( ESNUG 587 Item 1 ) ---------------------------------------------- [05/24/19]

Subject: User benchmarks DC-ICC2 vs Fusion Compiler vs Genus-Innovus flows

AN RTL SYNTHESIS TIPPING POINT?: Roughly 17 years ago, a new business
book came out, "The Tipping Point", that emphasized how little things
     
now can have a large impact on future events.  It was sort of like the
old Sci-Fi "The Butterfly Effect" story; but for business. ...

What makes this interesting is since Innovus has been eating ICC2's lunch
in PnR over the past few years -- we might now be seeing a tipping point
happening in the RTL synthesis market, too.  From the many user comments
below, it appears that Cadence Genus RTL, when paired with Innvous PnR,
is now becoming a credible threat to Aart's Design Compiler monopoly.

    - from http://www.deepchip.com/items/dac17-04.html


From: [ Dr. Pepper ]

Hi, John,

For reasons of security and privacy please keep me anonymous.

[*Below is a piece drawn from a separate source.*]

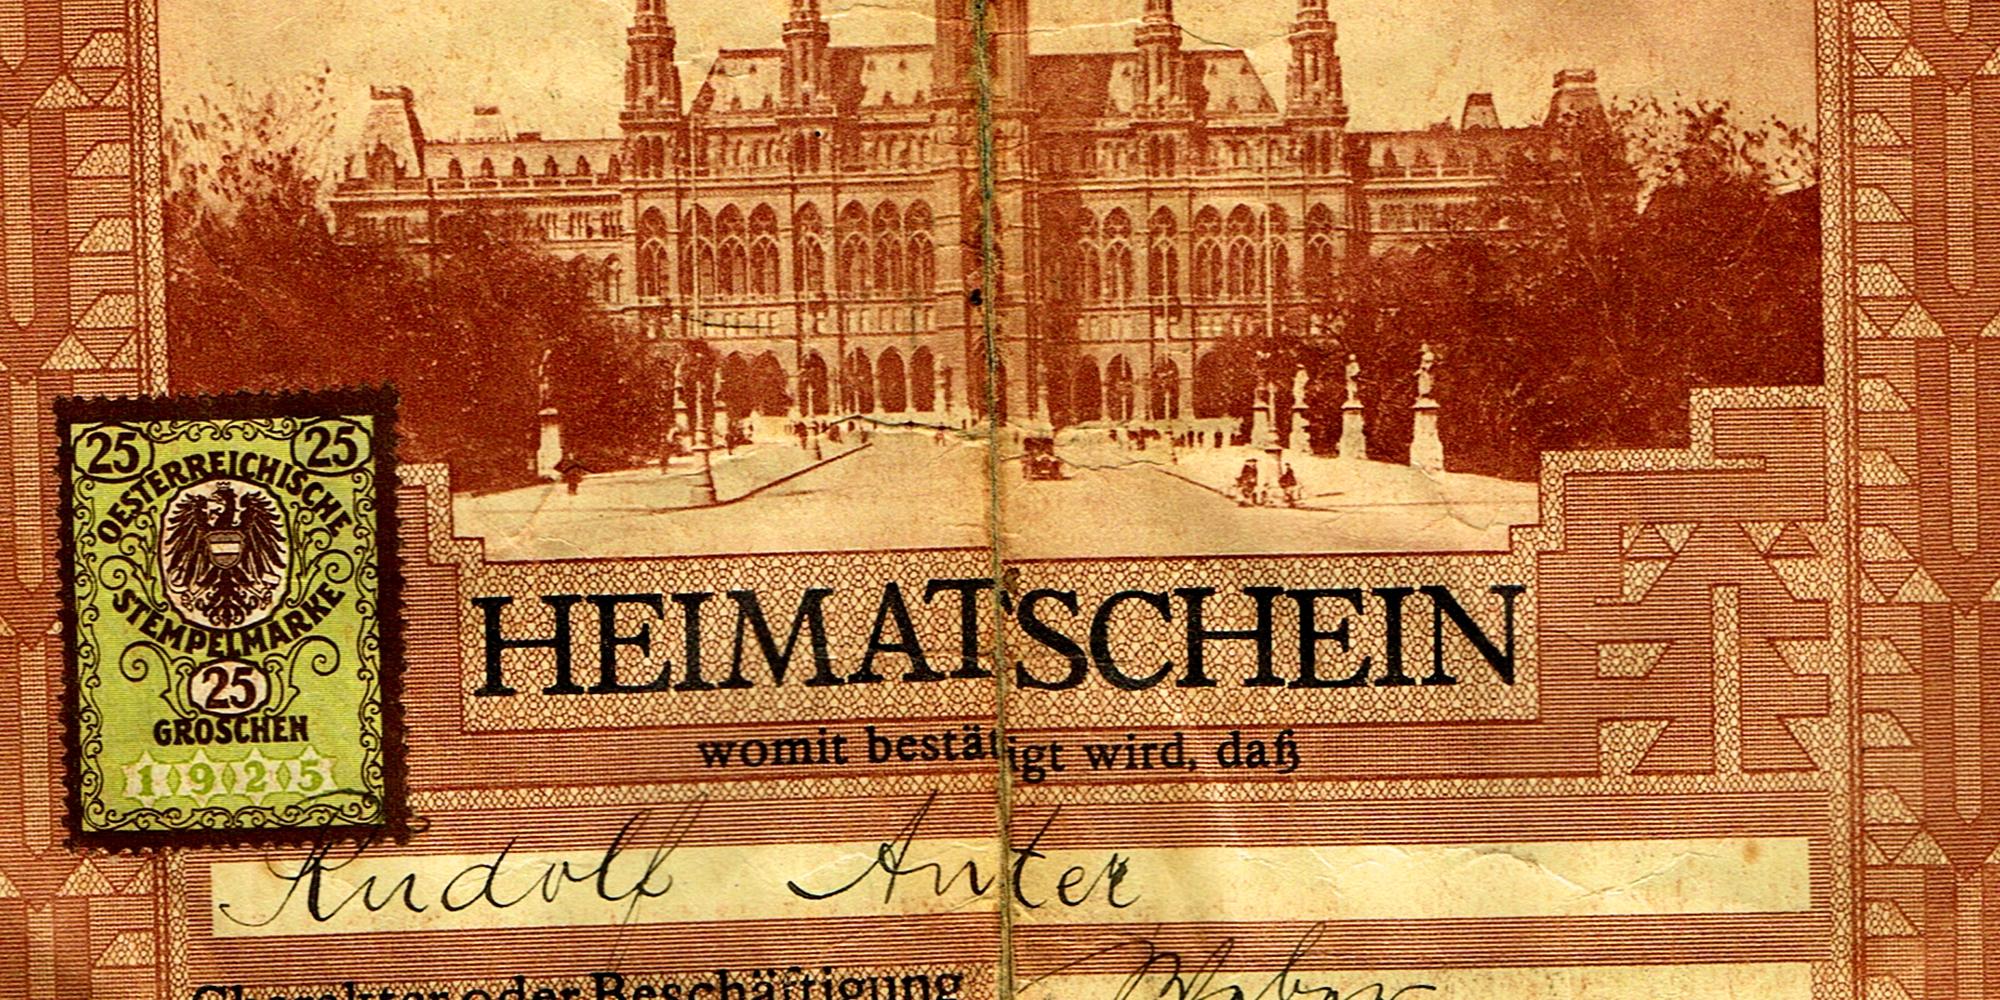 Ahnenforschung Anter Sudetenland - Winkler, Wien, Voigt, Vogtin, Vogt, Urban, Theimer, Steyr, Simmering, Rautenberg, Raase, Polcar, Peschke, Pelz, Padotzka, Österreich, Nagel, Mildner, Marionski, Manek, Leichter, Knoblich, Knappe, Knaak, Klemenz, Karb, Hornich, Groß, Fischer, Böhmen, Berlin, Bayer, Bahr, Appel, Anter, 1901, 1843

In your DAC'17 #4 post you outlined what I and many others think is the key
issue with Synopsys digital implementation tools compared to what Cadence
R&D have been able to achieve. 

We have used Synopsys for a long time.  In the last 4 years we struggled
greatly to reach our project goals.  Our flow was:

   DC -> SNPS DFT insertion -> ICC2 -> PT/STAR-RC -> then Calibre/ICV

In the last 2 years my guys have attended many SNUG's, CDNlive's, and DAC's,
etc. in hopes a solution to our issues.  Then 18 months ago we decided to
give Innovus a shot to see if it could meet PPA on short schedules, then
slowly try other Cadence tools in our flow to see if there was any benefit.

Other than using Calibre as our golden DRC/LVS signoff, my group doesn't
like to do piecemeal best-in-class point tools because of the inherent
support a mixed flow brings.
For example, if we saw a mismatch between what Synopsys DC-Topo says and
Cadence Tempus STA, the Synopsys guys will say "it's a Cadence Tempus
problem" while the Cadence guys will say "it's a Synopsys DC problem" and
we're helplessly stuck in between them.  Our only exception to that rule is
using Calibre for golden sign-off.  If Calibre finds a problem, it must be
fixed upstream from Calibre.  For us, what Calibre says is gospel,
everything else is suspect.
We do a lot of different types of chips recently in TSMC 16FF, but our bread
and butter now are 3.2 Ghz multi-ARM core compute chips in TSMC 7FF.  Many
of my colleagues told us we were wasting time doing evaluations and to just
go with a full Cadence flow based on their experiences -- but our mgmt will
not let us make such drastic change without us doing a full eval ourselves.
Too much is at stake.  We were choosing tools for the next 3-4 years; not
just trying to solve short-term problems.
In our eval we took 5 high-performance blocks from Verilog RTL and inserted
the test compression/decompression logic in the RTL to create our 3.0 M inst
start block we named "Mongo".  Since we most often cannot partition blocks
(because it's too messy and impractical) we needed a big 3.0 M inst "Mongo"
design to find who has the best single big block PnR tool.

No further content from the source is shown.